WHAT TO WORK ON: If you see a picture in the data below, omit it and copy the rest exactly.

DATA BLOCK:
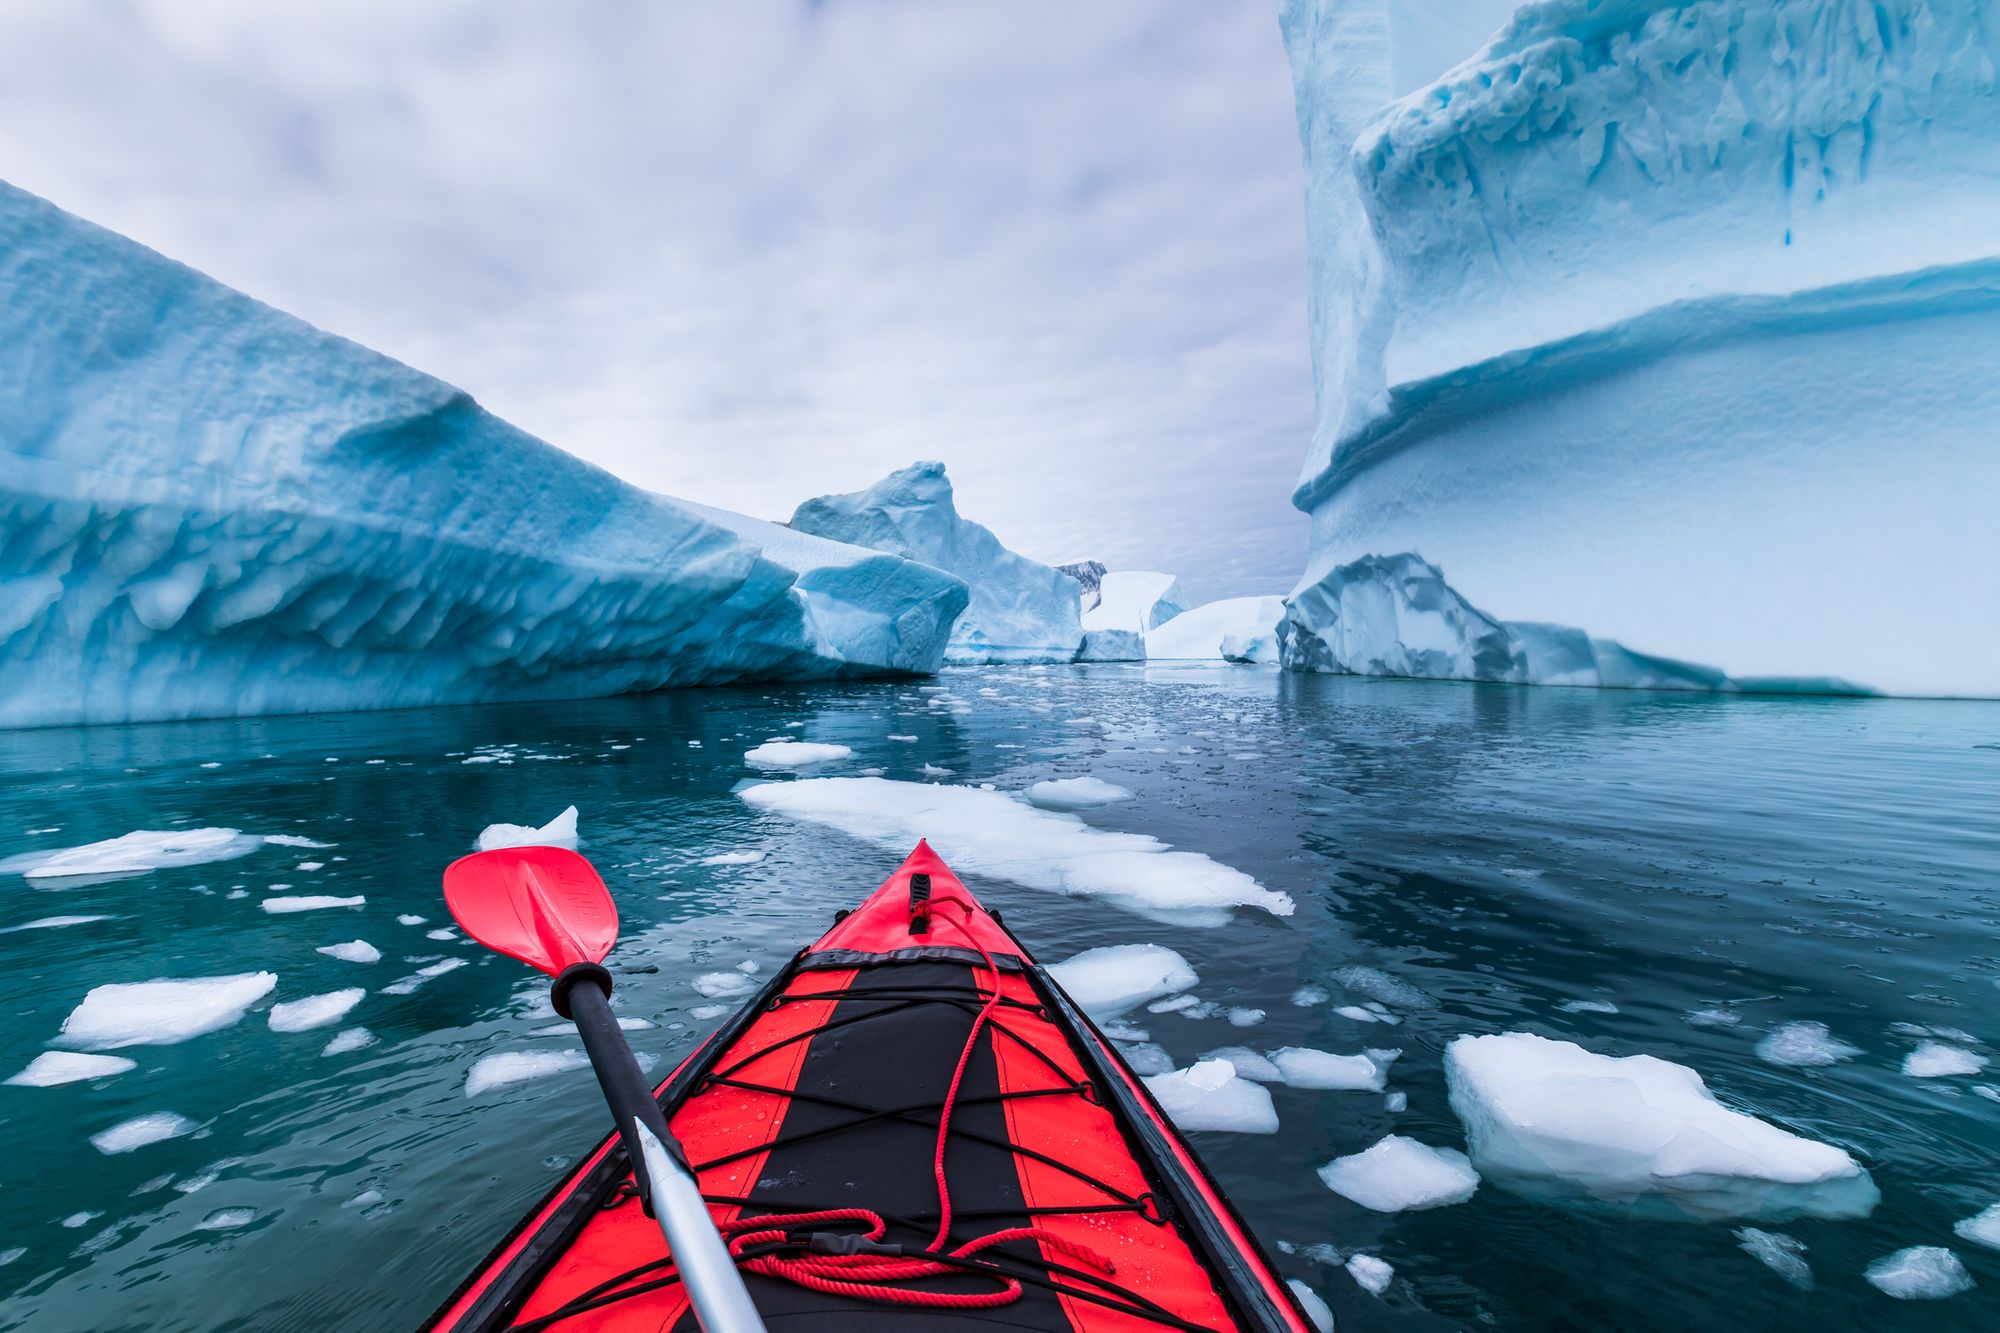 The front of a kayak gliding through icy Antarctic waters, with icebergs in the background.
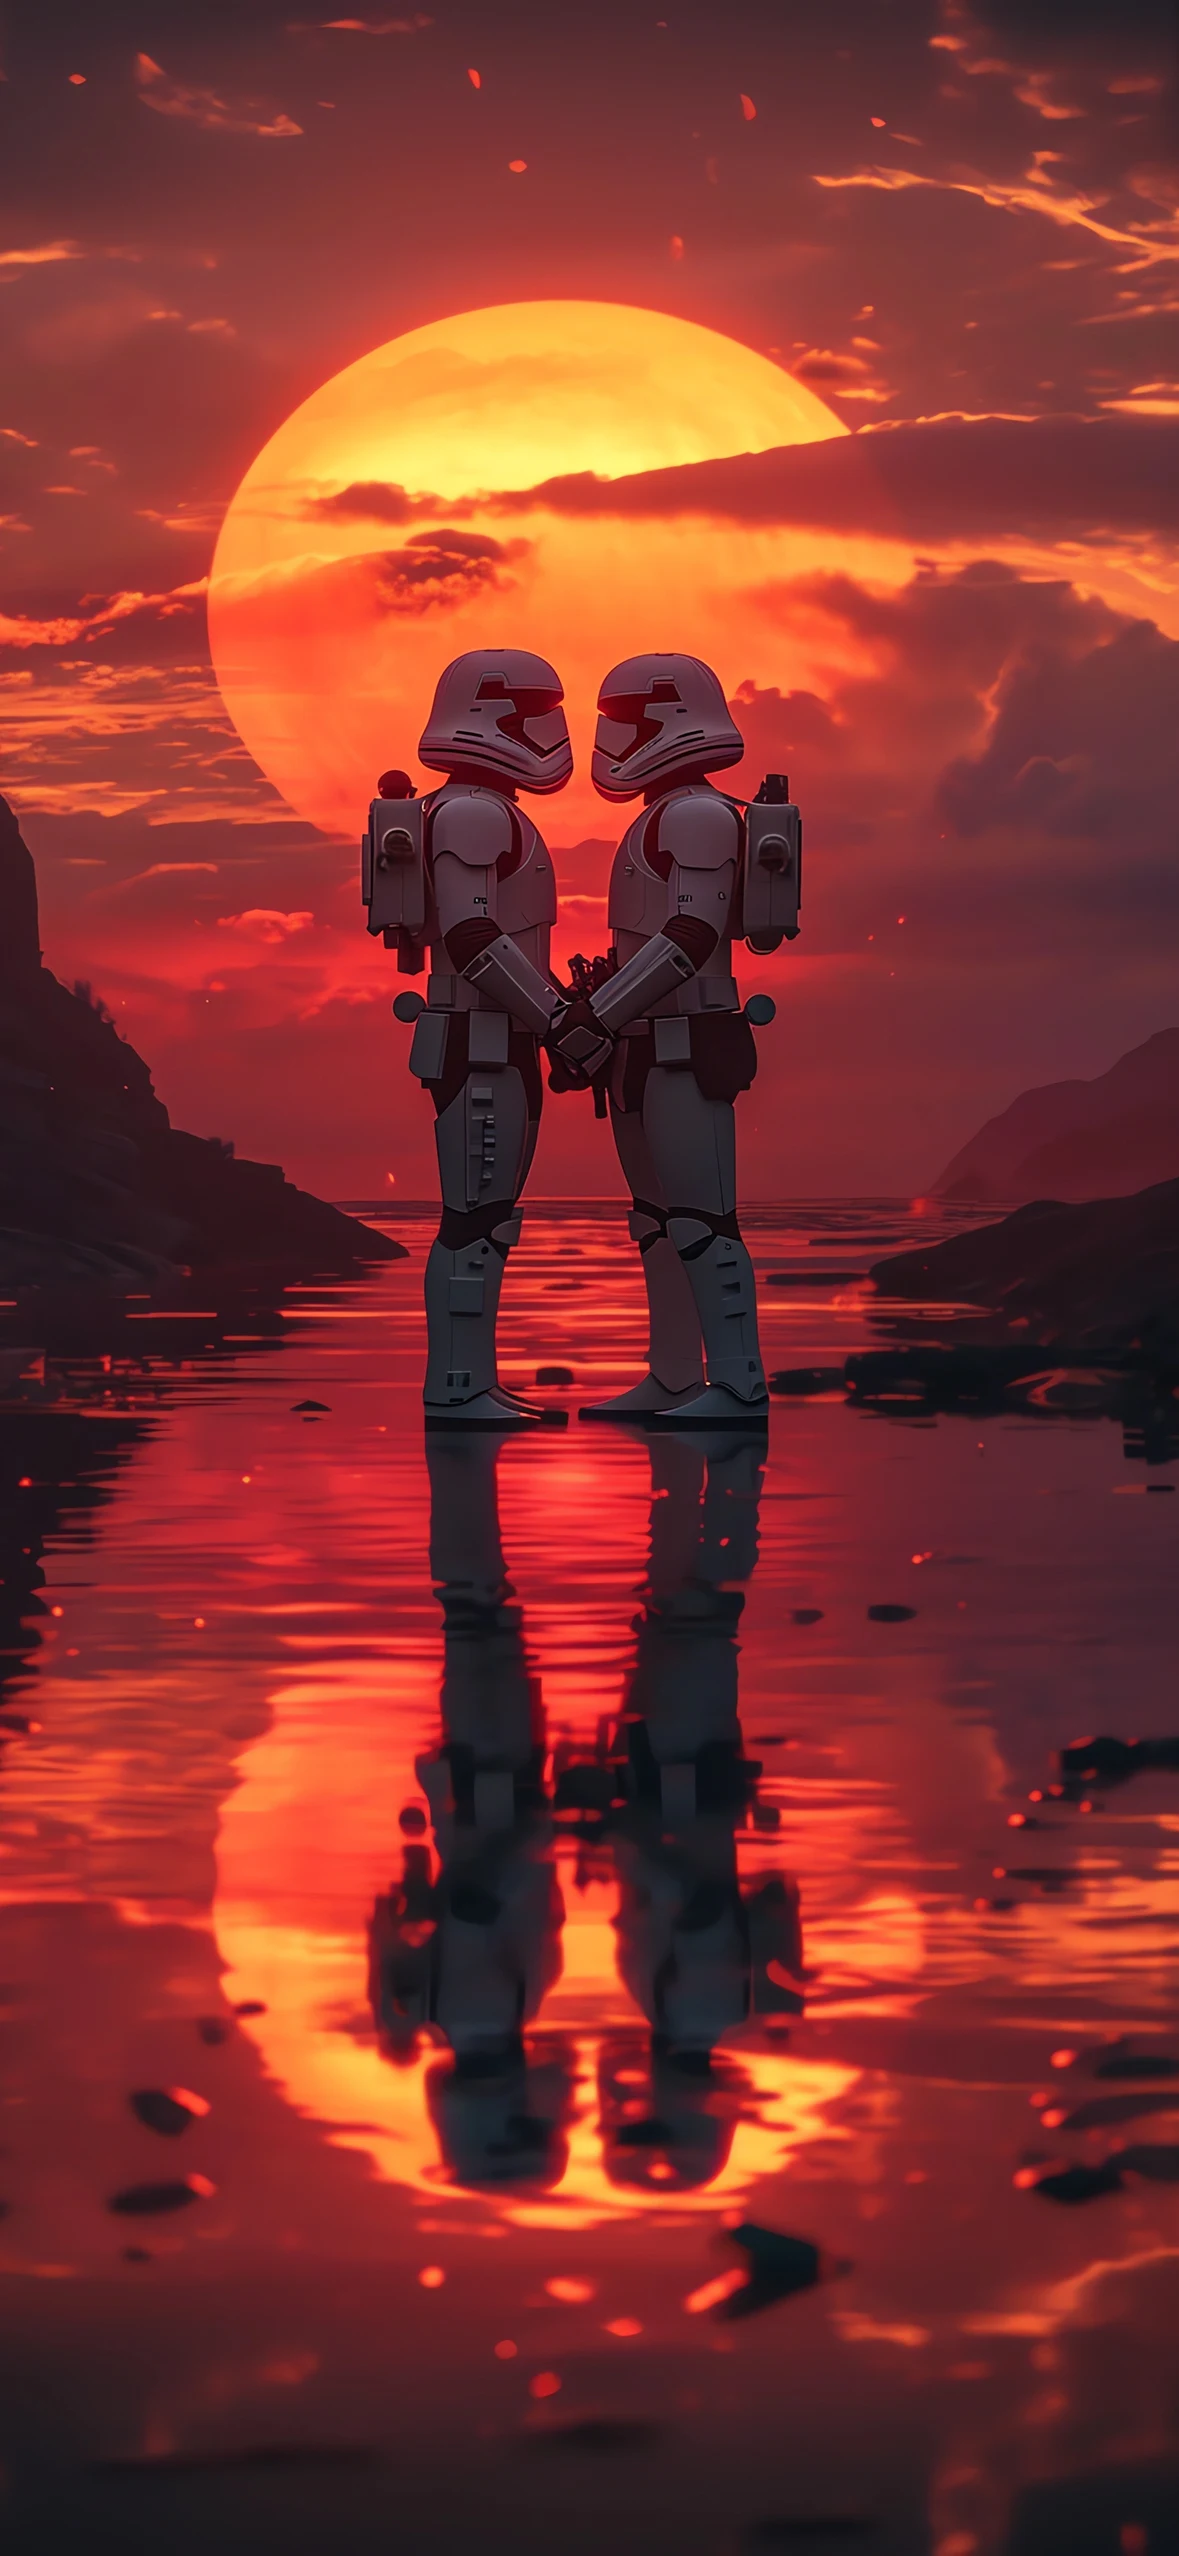 iPhone wallpaper showing two Stormtroopers holding hands against a romantic sunset and reflection on water.
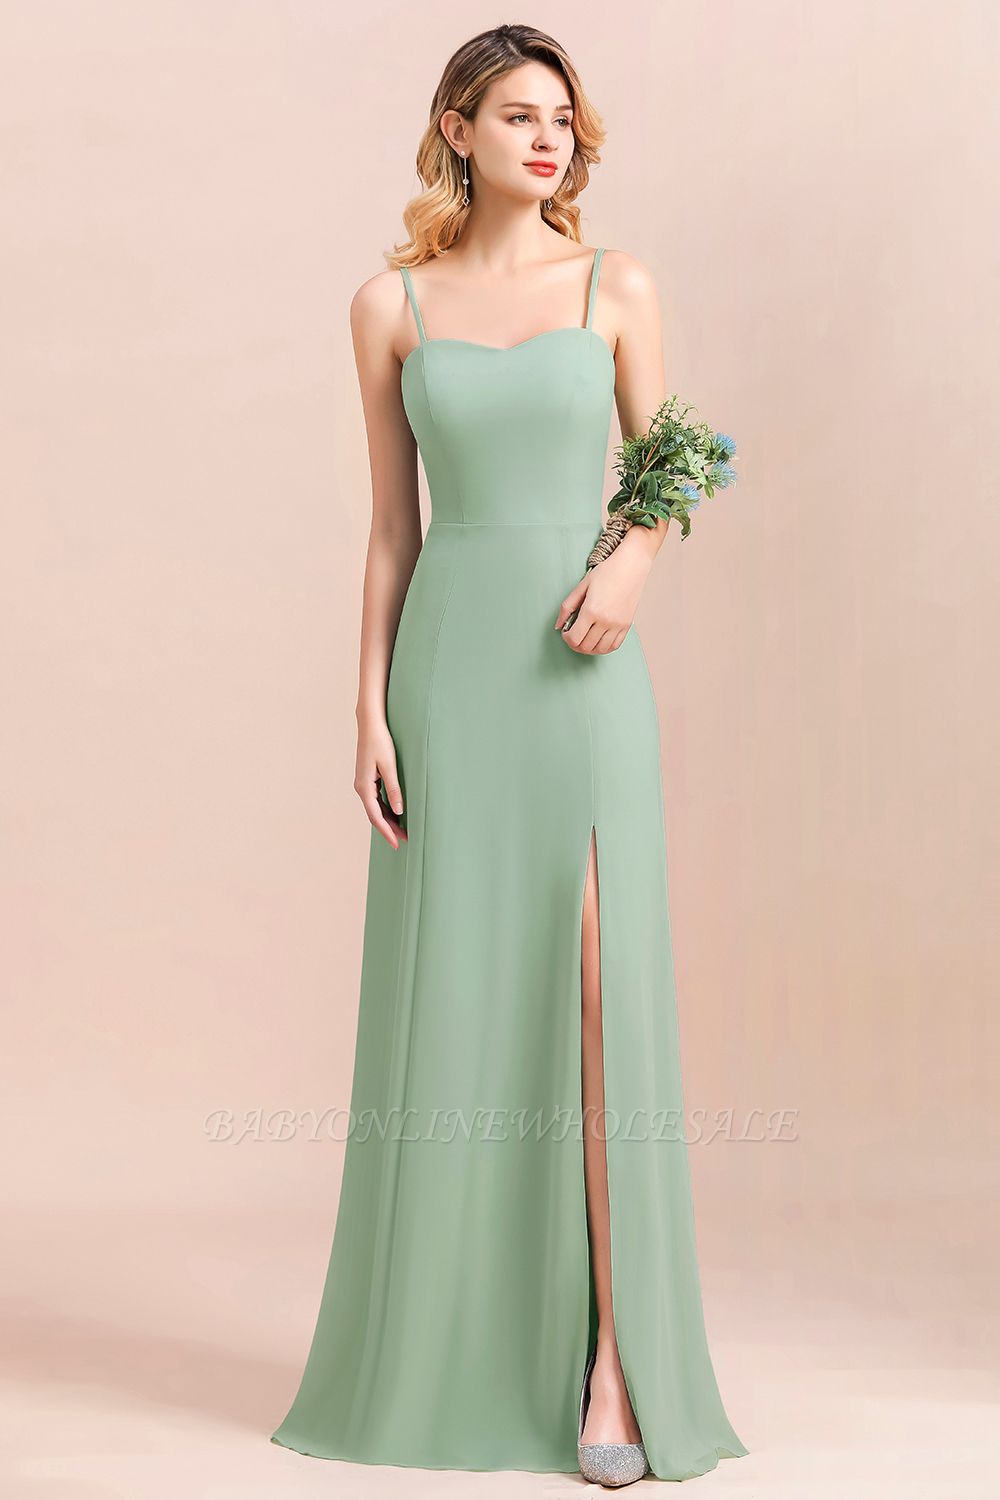 Romantic Sweetheart Sage Garden Bridesmaid DressSpaghetti Straps Long Special Occasion Dress with Side Slit

YOUR SOLUTION:
 The front of a kayak gliding through icy Antarctic waters, with icebergs in the background.
 iPhone wallpaper showing two Stormtroopers holding hands against a romantic sunset and reflection on water.
 Romantic Sweetheart Sage Garden Bridesmaid DressSpaghetti Straps Long Special Occasion Dress with Side Slit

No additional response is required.